We further explored which components of sentiment analysis are the most informative when estimating the daily proportion of self-reported positive mood. Table 1 shows the correlation of positive mood with the aggregated values (positive minus negative emotions, averaged across the LIWC and GS measure) as well as the positive and negative components of both sentiment analysis methods separately. All variables were rescaled through a Z-transformation for both Der Standard and Twitter postings. The positive component of GS has a high correlation with the proportion of self-reported positive mood. The positive component of LIWC also has a positive, but somewhat lower coefficient for both Der Standard and Twitter. Additionally, the LIWC and the GS positive components are strongly correlated with each other on both platforms (Der Standard: $$\rho =0.94$$ $$[0.85,0.98],p<10^{-8}$$, Twitter: $$\rho =0.90$$ $$[0.75,0.96],p<10^{-6}$$), indicating convergent validity of the two methodologically distinct measures of positive emotions from text when aggregating to daily emotional expression. The analysis of LIWC scores shows inconsistencies: The negative component of LIWC does not correlate with the proportion of positive mood in the survey for Der Standard. Yet, LIWC negative is informative for Twitter, with a significant negative correlation coefficient. Overall, comparing machine-learning and dictionary-based methods shows that the supervised classifier shows more consistent performance and generally higher point estimates. Yet, confidence intervals overlap, and negative LIWC beats GS on Twitter data. Combining both methods for Der Standard adds a small increase to the already strong correlations of the supervised classifier alone. Taken together, it thus seems that both methods contribute unique variation for explaining self-reported mood.
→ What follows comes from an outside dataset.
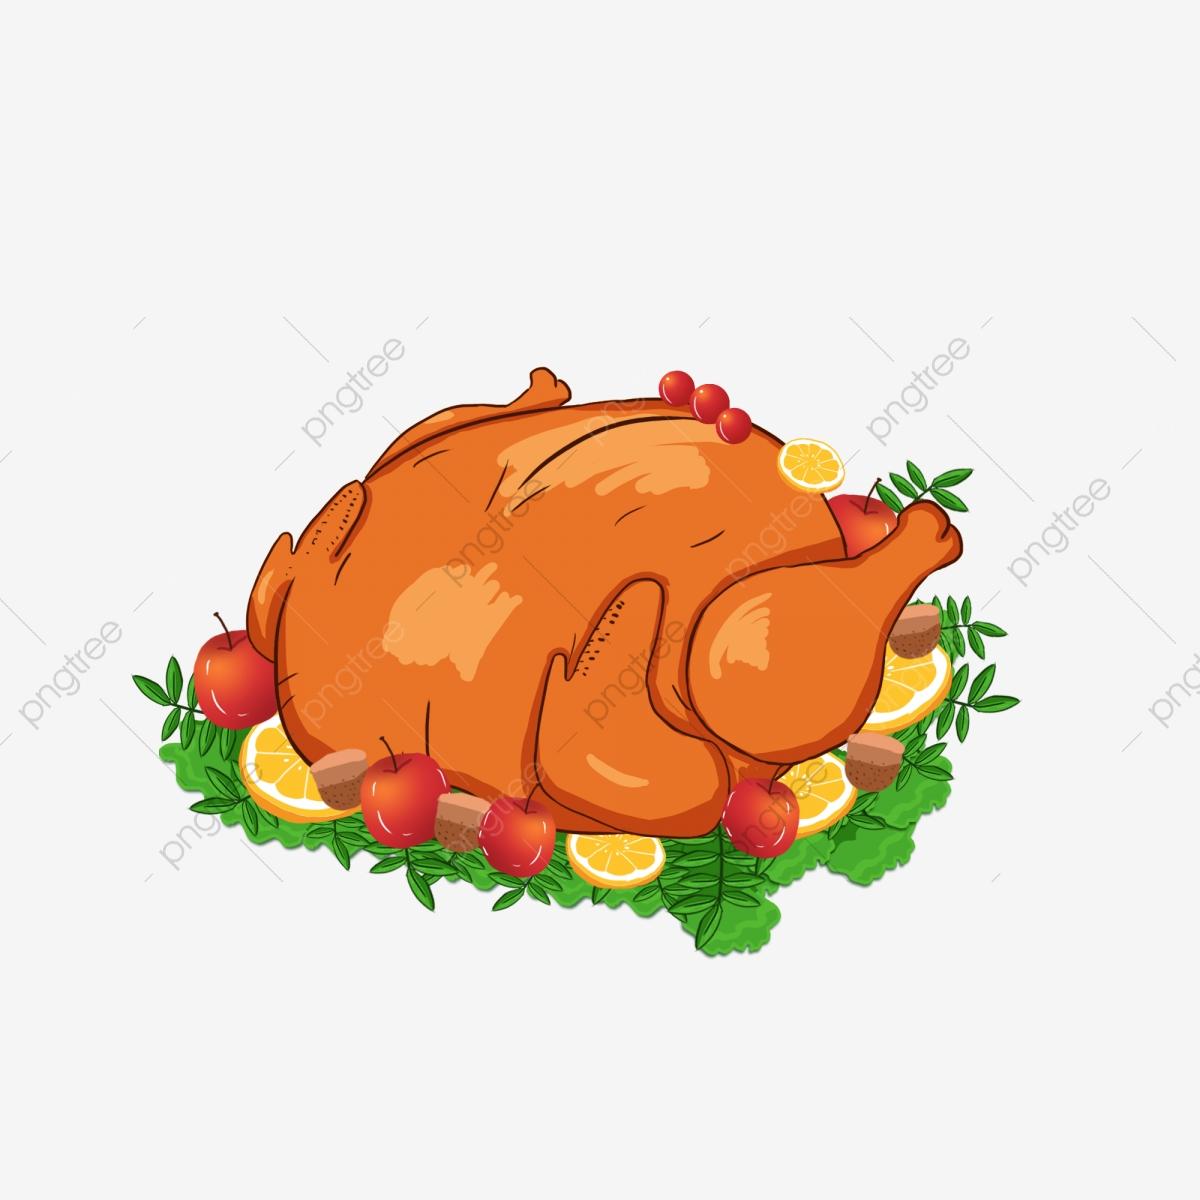 Feast clipart roast chicken. Hand drawn thanksgiving turkey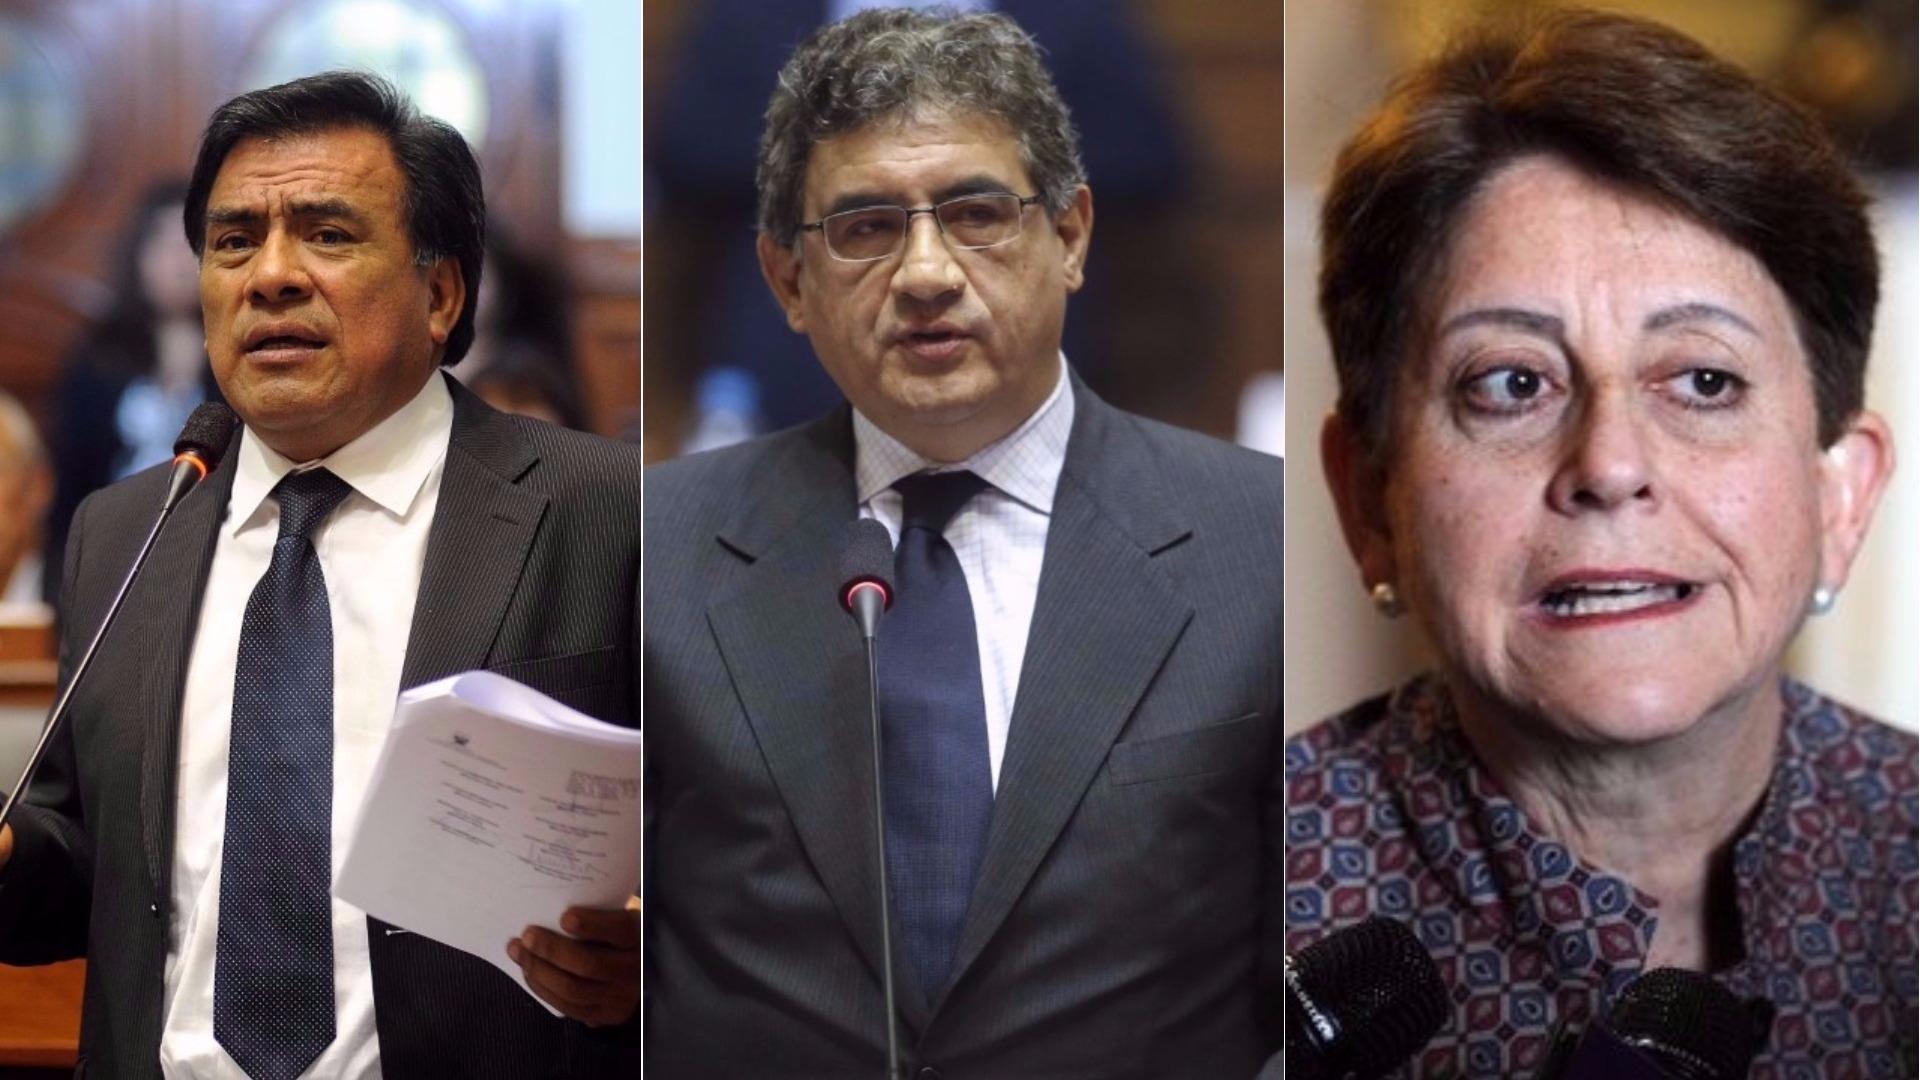 Javier Velásquez Quesquén, Juan Sheput y Lourdes Alcorta comentaron la decisión del juez Richard Concepción de dar prisión preventiva a cuatro empresarios.

The strong relationship that we found between the signals of the survey, Der Standard postings and tweets opens up the possibility to measure emotion aggregates through social media text when survey data is not available. This raises the question how these three different affective measures correlate with external events that drive the emotions of a community. In the following, we test if our social media text measures provide comparable correlations with the number of new COVID-19 cases to self-reports in surveys. The survey period in November 2020 falls within the build-up of the plateau of COVID-19 cases in the second wave of the pandemic in autumn 2020 in Austria, providing an ideal time frame to test this hypothesis. The importance of the topic in public discussion makes new COVID-19 cases a relevant external variable that previous research has linked to emotional experiences in the population as a whole15. We retrieved COVID-19 case data from Our World in Data19 for the period that overlaps with the survey. The survey and both aggregate Twitter sentiment measures (with and without shift) correlate significantly with the number of new cases for the corresponding day (Table 2). Der Standard sentiment shows a weaker correlation and is not significant. Figure  S3 confirms the relationships with scatter plots. Furthermore, we tested if this relationship with new COVID cases significantly differs when correlating survey results compared to text sentiment measures (Table  S1; Figure  S4 in SI): the correlation obtained with both sentiment analysis methods for Twitter data does not significantly differ from the correlation with survey data.

We built on the strong correlation of sentiment of both platforms with the survey to study their relationship also outside of the survey time frame: Fig. 3 shows the time series of the two platform’s sentiment signal before, during and after the survey. For the period between 2020-09-15 until 2021-12-30, we find a significant positive correlation of $$\rho =0.53$$ $$[0.38,0.65],p<10^{-16}$$. This additional analysis shows that the relationship of expressed emotions on the two platforms is stable also over longer time periods.

Discussion

This study compared online newspaper readers’ self-reported mood with sentiment analysed in postings on two social media platforms. The results show that the sentiment contained in text of postings in the online discussion forum on the newspaper’s website tracks daily  self-reported mood in the survey. These results generalize across social media platforms, as a pre-registered replication shows similar correlations when using Twitter text instead of postings in the newspaper forum. Despite the methodological challenges in studying affective states with social media text, this provides evidence that the aggregate of sentiment analysis of social media text can be used to measure macro level mood. We find strong relationships with both levels of emotions and inter-day changes, showing that social media sentiment indeed tracks macro-level mood dynamics with daily resolution. This differs from previous studies reporting only low positive (or even negative) correlations between self-reported well-being indicators and long-term dictionary-based positive sentiment aggregates across US regions11. In contrast, we find that dictionary as well as machine-learning based methods track short-term affective states, as opposed to more long-term concepts such as life satisfaction. Additionally, we find that adding indicators based on unsupervised dictionary methods increases the already high agreement of supervised machine-learning methods with the survey measurement of macro level emotions. This suggests that dictionaries generated by experts, while being less exhaustive than the large models of supervised methods, may include terms that are not discovered or not attributed adequate importance in the training phase of supervised models.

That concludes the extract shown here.